The same goes with Aga in “Nuuk” and with Helen Mirren in another recent movie we saw involving an elaborate revenge plan that is accomplished after several decades, “The Good Liar”. As Ian McKellen tells Helen in this movie: “Why go to all that trouble?”

And we’d like to ask the characters played by Aga in “Nuuk” and Cristine in “Untrue” the same question: “Why exactly will you go to all that trouble? Aren’t their easier ways to take revenge?”

This is particularly true in the case of Cristine as Mara. She went to such great lengths to find Xian and get his confidence, but in the end, she just attacks him directly while they’re inside the police station with the small sword she got from a prominent statue in Georgia.

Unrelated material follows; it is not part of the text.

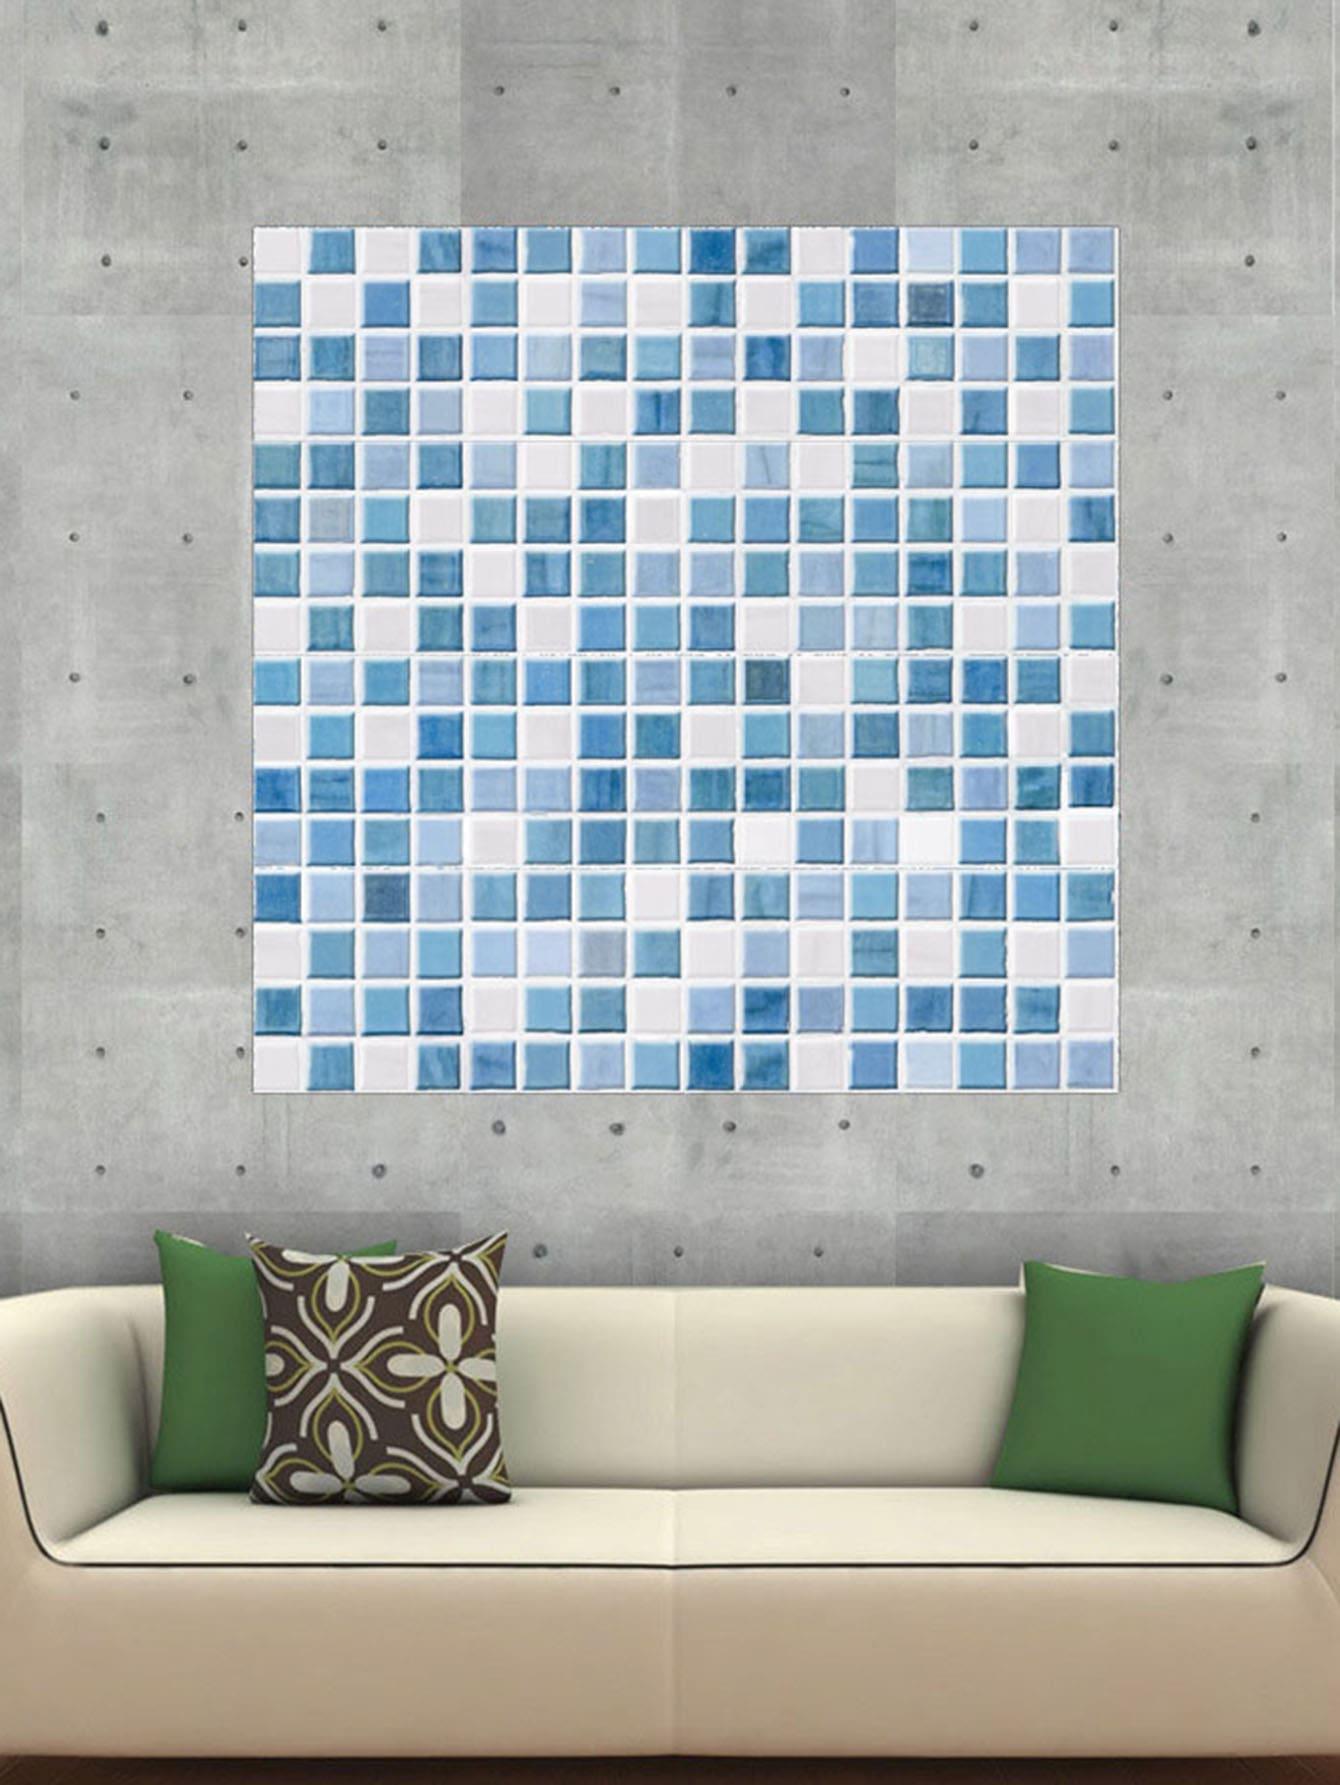 Random Checker Pattern Ceramic Tile Sticker 1pc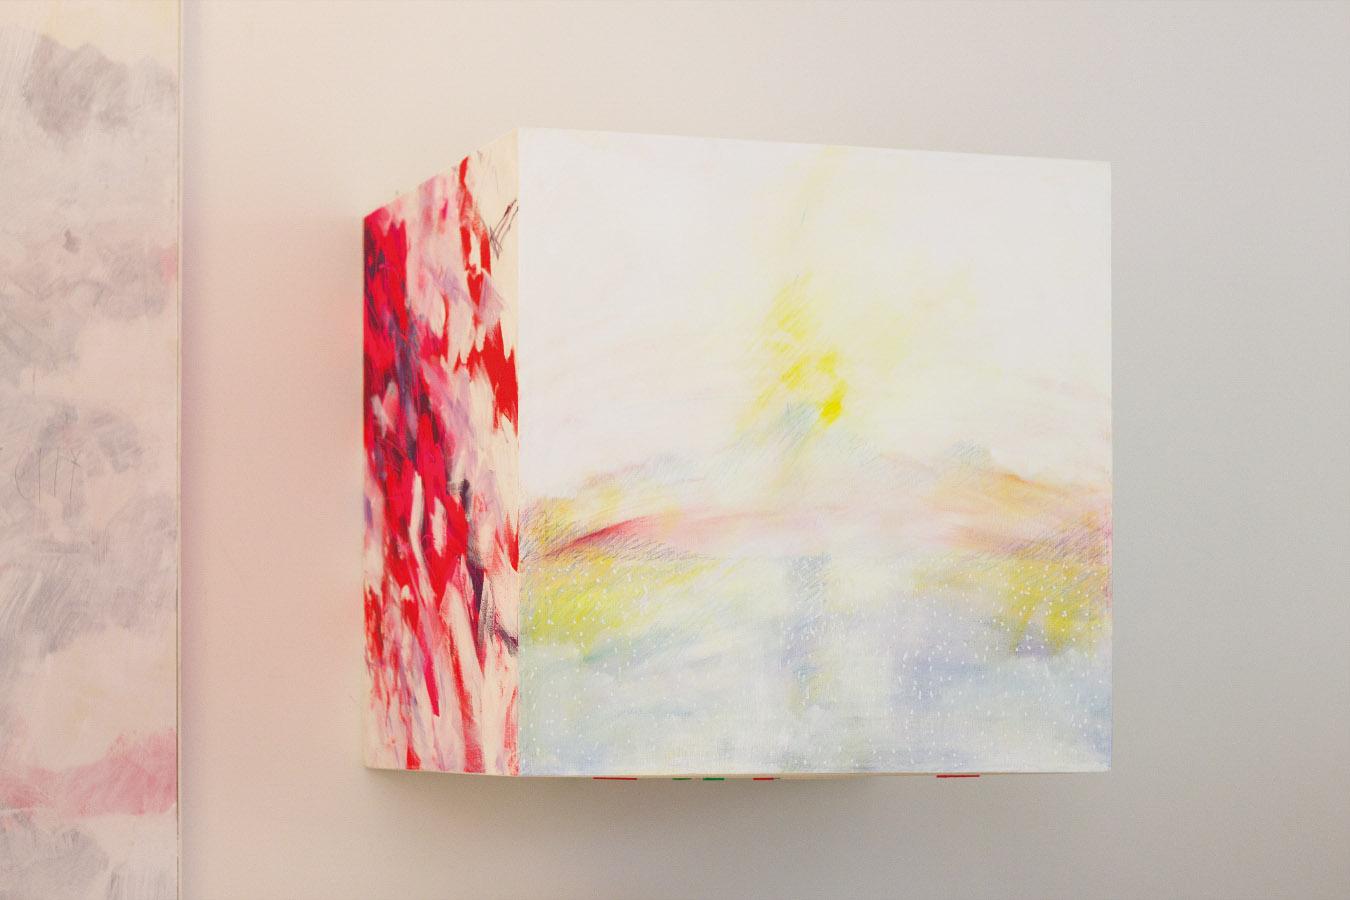 Fivesenses (Cubo) Sight, acrylic, graphite, plexiglass, pigment, plastic mesh on canvas, 80x80x80 cm

How stupid! Nagpakahirap ka tapos dun mo pa siya papatayin sa loob mismo ng police station! When there are so many other instances where she could have exacted revenge from him without any witnesses? Really idiotic!

Whatever good acting the leads displayed in this movie while they’re playing against each other is totally negated by the cretinous material.

A good con film has an ending that will make you to want to double back and see what you’ve missed from the start, but this movie just doesn’t have the wit or astuteness to play that kind of game. You just feel that you were duped.

We’re so disappointed with this work of Sigrid Andrea Bernardo, who started promisingly in “Huling Cha Cha ni Anita”. She had a mammoth hit in “Kita Kita”, but “Untrue” now is such a dismal flop. There were just about four of us watching it on opening day in Trinoma and it was shown on an alternate schedule with another movie.

Soon, it was quickly gone and we’re not surprised. Who’d want to watch a feel bad movie like this when people go to the movies primarily for escapist fare? Viva’s other release is luckier, “On Vodka, Beer and Regrets”. It’s now on its 3rd week and is still showing. We’ll write about that later.